I did mine a month ago and this was the best diy i found.
I also used a Bentley manual but it wasn't much help.
The thermostat is located on the engine block behind the alternator.
There is a temp. sensor located in the same place that is much easier to replace while you already have the alternator out.
Tip: there are two screws below and to the right of the throttle body that hold two hard coolant lines in place. I tried loosening them with a t27 bit but ended up striping the heads. they may actually be some size of 12point.


----------



## dmorrow (Jun 9, 2000)

I also believe I have a thermostat problem (seems to be stuck open). Based on what others are saying I will probably pay someone else to do it.


----------



## DLV (Dec 10, 2012)

I paid someone else to do it.


----------



## Willie Gee (Feb 27, 2012)

Any DIY on the Thermostat? I've got the same issue, and I'm not afraid of turing a wrench so long as I know what I'm getting into. I'll replace the sensors first, but I have a sinking feeling it's the thermostat. 

Found one: http://www.youtube.com/watch?v=nZDMexvOlmU


----------



## Pure.Dope (Mar 26, 2009)

Remove the alternator and throttle pipe. It's not that hard. I promise


----------



## majic (Mar 10, 2005)

Pure.Dope said:


> Remove the alternator and throttle pipe. It's not that hard. I promise


Ditto... but if you're going for the t-stat... why not just take off the intake manifold and knock out some valve cleaning at the same time


----------



## everfresh59 (Jul 26, 2010)

What's the average labour time/cost to replace the thermostat? My thermostat is stuck open as well and it's not getting any warmer outside. From what I've read on this thread, my back has no intention of diy-ing this. I just wanna get a rough estimate to make sure I don't get taken for a ride.

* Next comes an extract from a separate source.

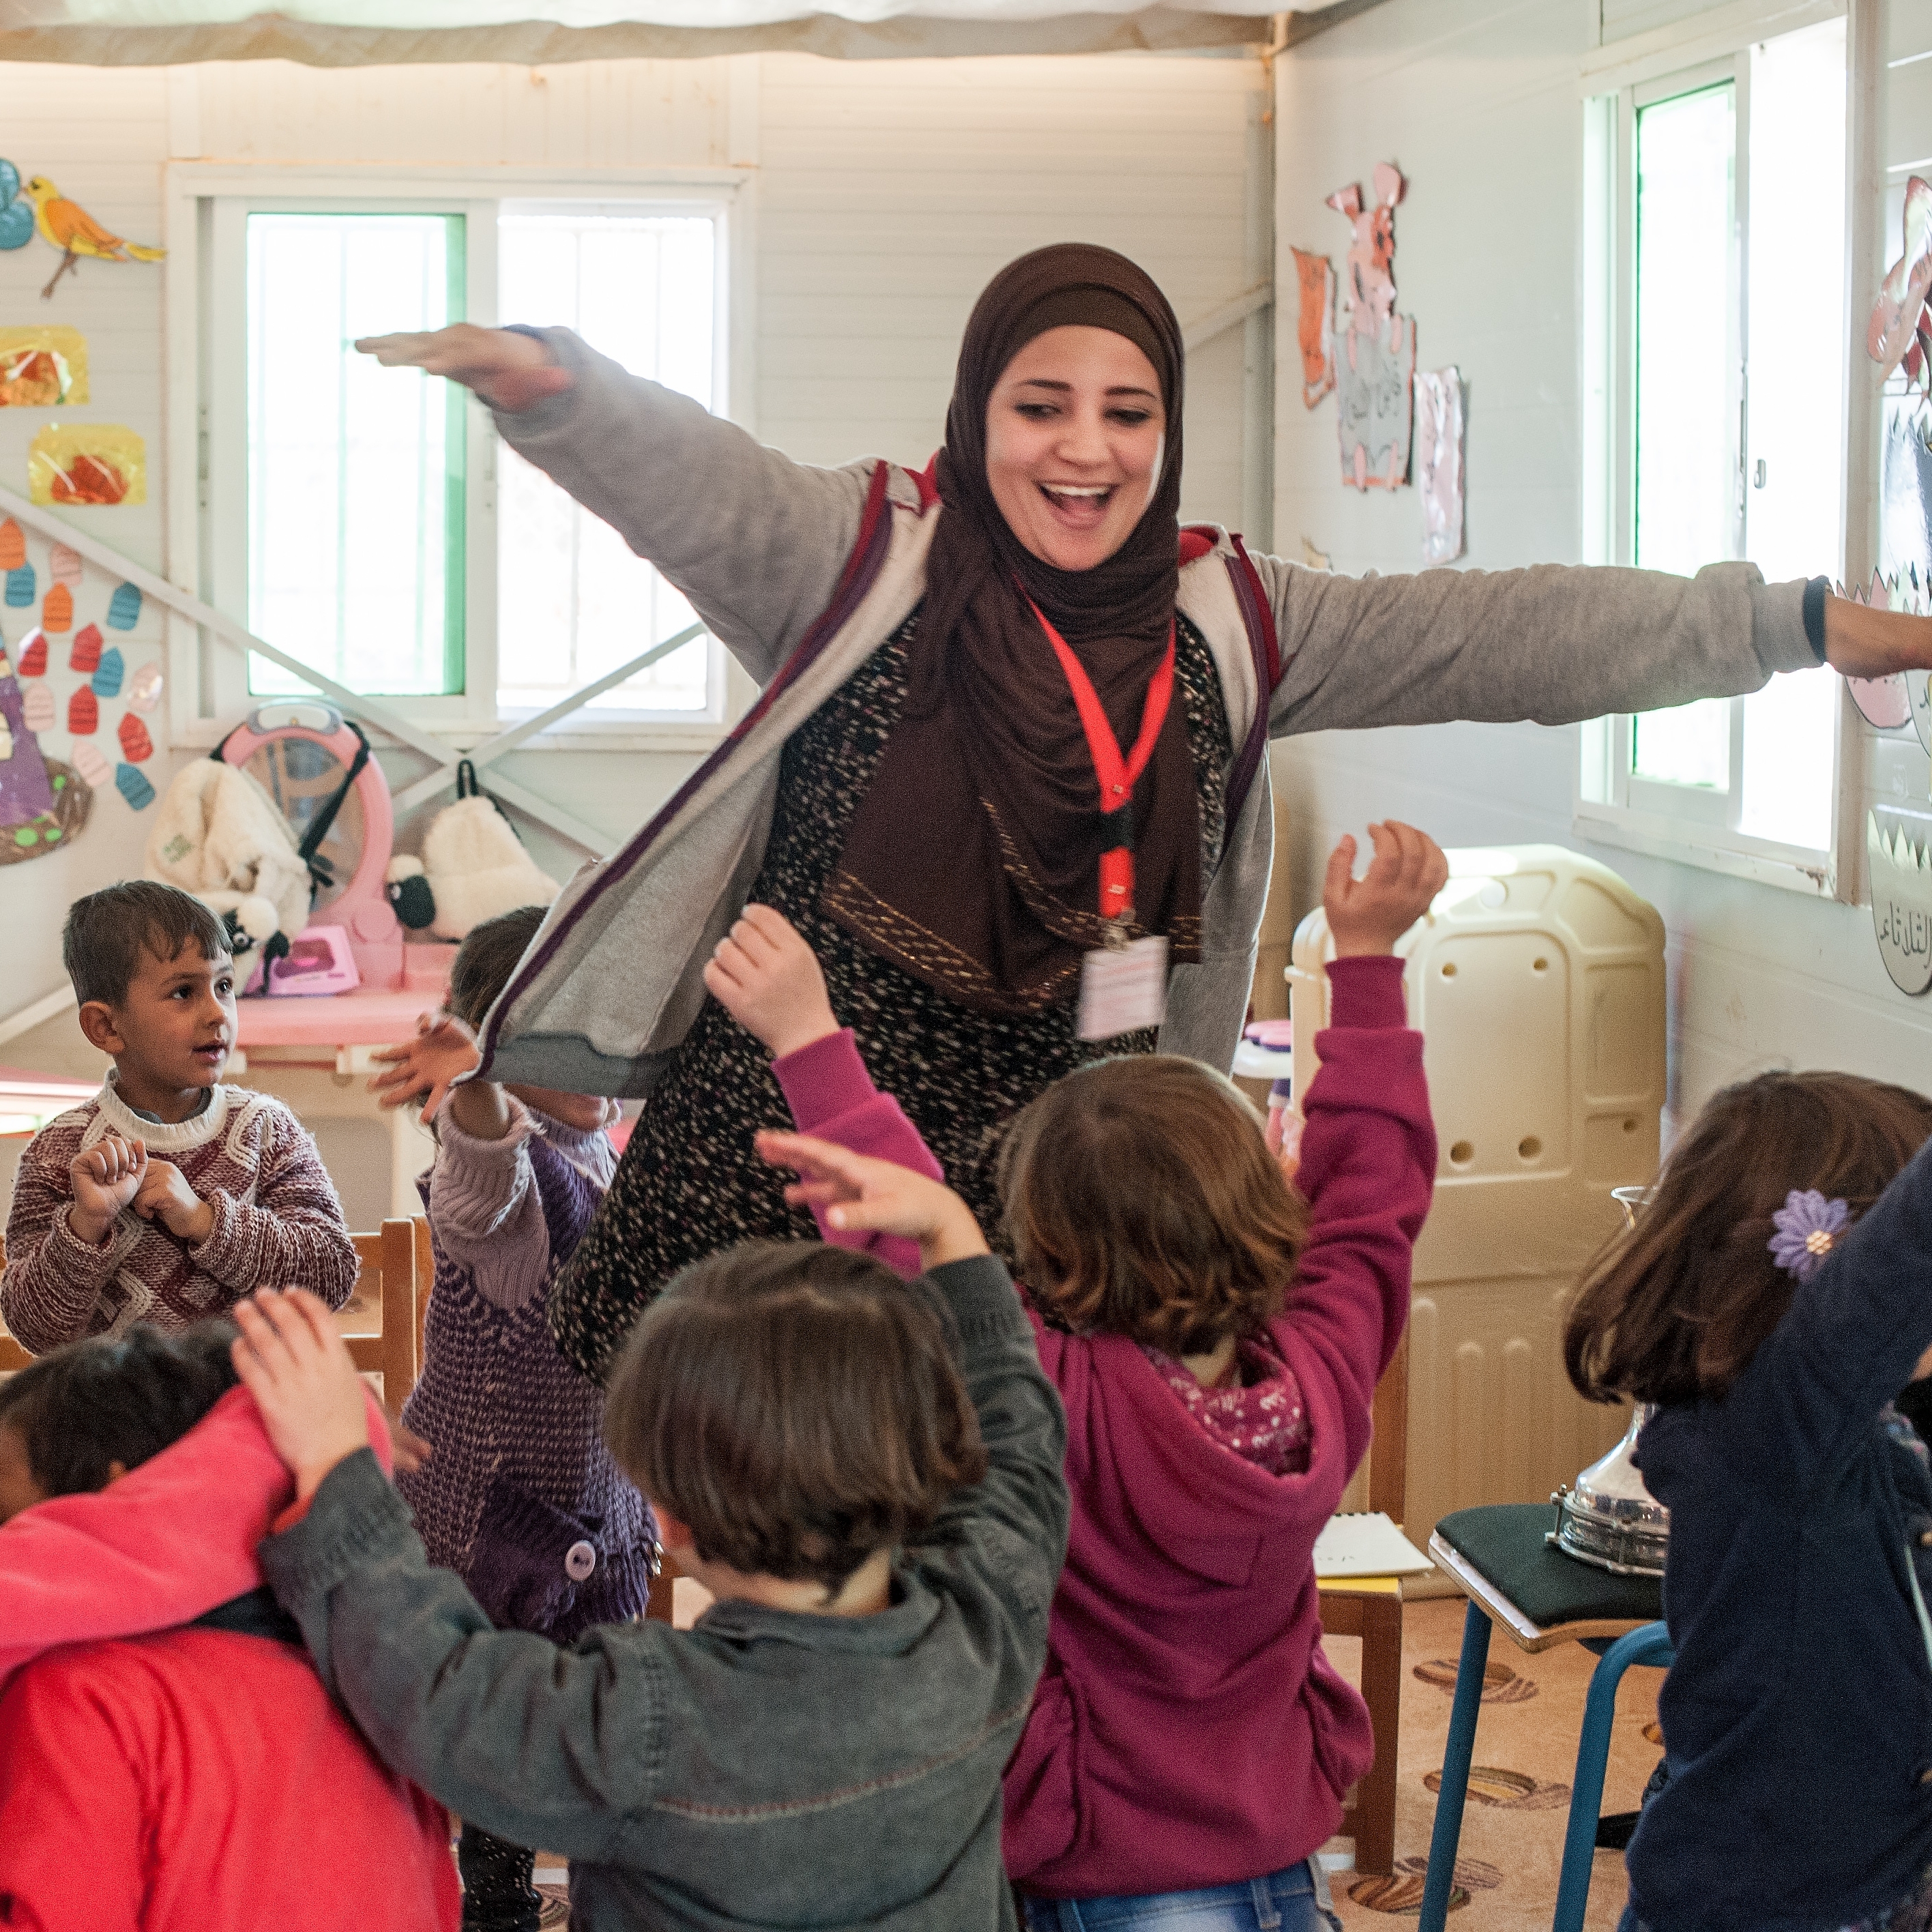 A kindergarten teacher leads her students in a music activity at a Save the Children Rainbow Kindergarten for refugee children. Every classroom runs a Healing and Education Through the Arts (HEART) activity daily. Photo credit: Susan Warner/Save the Children, December 2016.

Also, do you guys think I'll save a few dollars if I do this while my intake valves/injectors are cleaned? I'm having this work done in 2 weeks, but was wondering if the work can be done at the same time and save me some $$$ for XBox ONE. :laugh:


----------



## DLV (Dec 10, 2012)

everfresh59 said:


> What's the average labour time/cost to replace the thermostat? My thermostat is stuck open as well and it's not getting any warmer outside. From what I've read on this thread, my back has no intention of diy-ing this. I just wanna get a rough estimate to make sure I don't get taken for a ride.
> 
> Also, do you guys think I'll save a few dollars if I do this while my intake valves/injectors are cleaned? I'm having this work done in 2 weeks, but was wondering if the work can be done at the same time and save me some $$$ for XBox ONE. :laugh:


I paid $400 to have it done. Audi Manhattan wanted $1k so I drove across midtown, over the 59th street bridge and on to a shifty looking repair shop over there in Queens. A year later and all is good. 

I seriously question if valve cleaning is effective at all. And no I'm not trying to induce a rant.


----------



## dmorrow (Jun 9, 2000)

DLV said:


> I seriously question if valve cleaning is effective at all. And no I'm not trying to induce a rant.


What does this mean? Are you questioning the need to do it or whether it temporarily or permanently solves an issue?


----------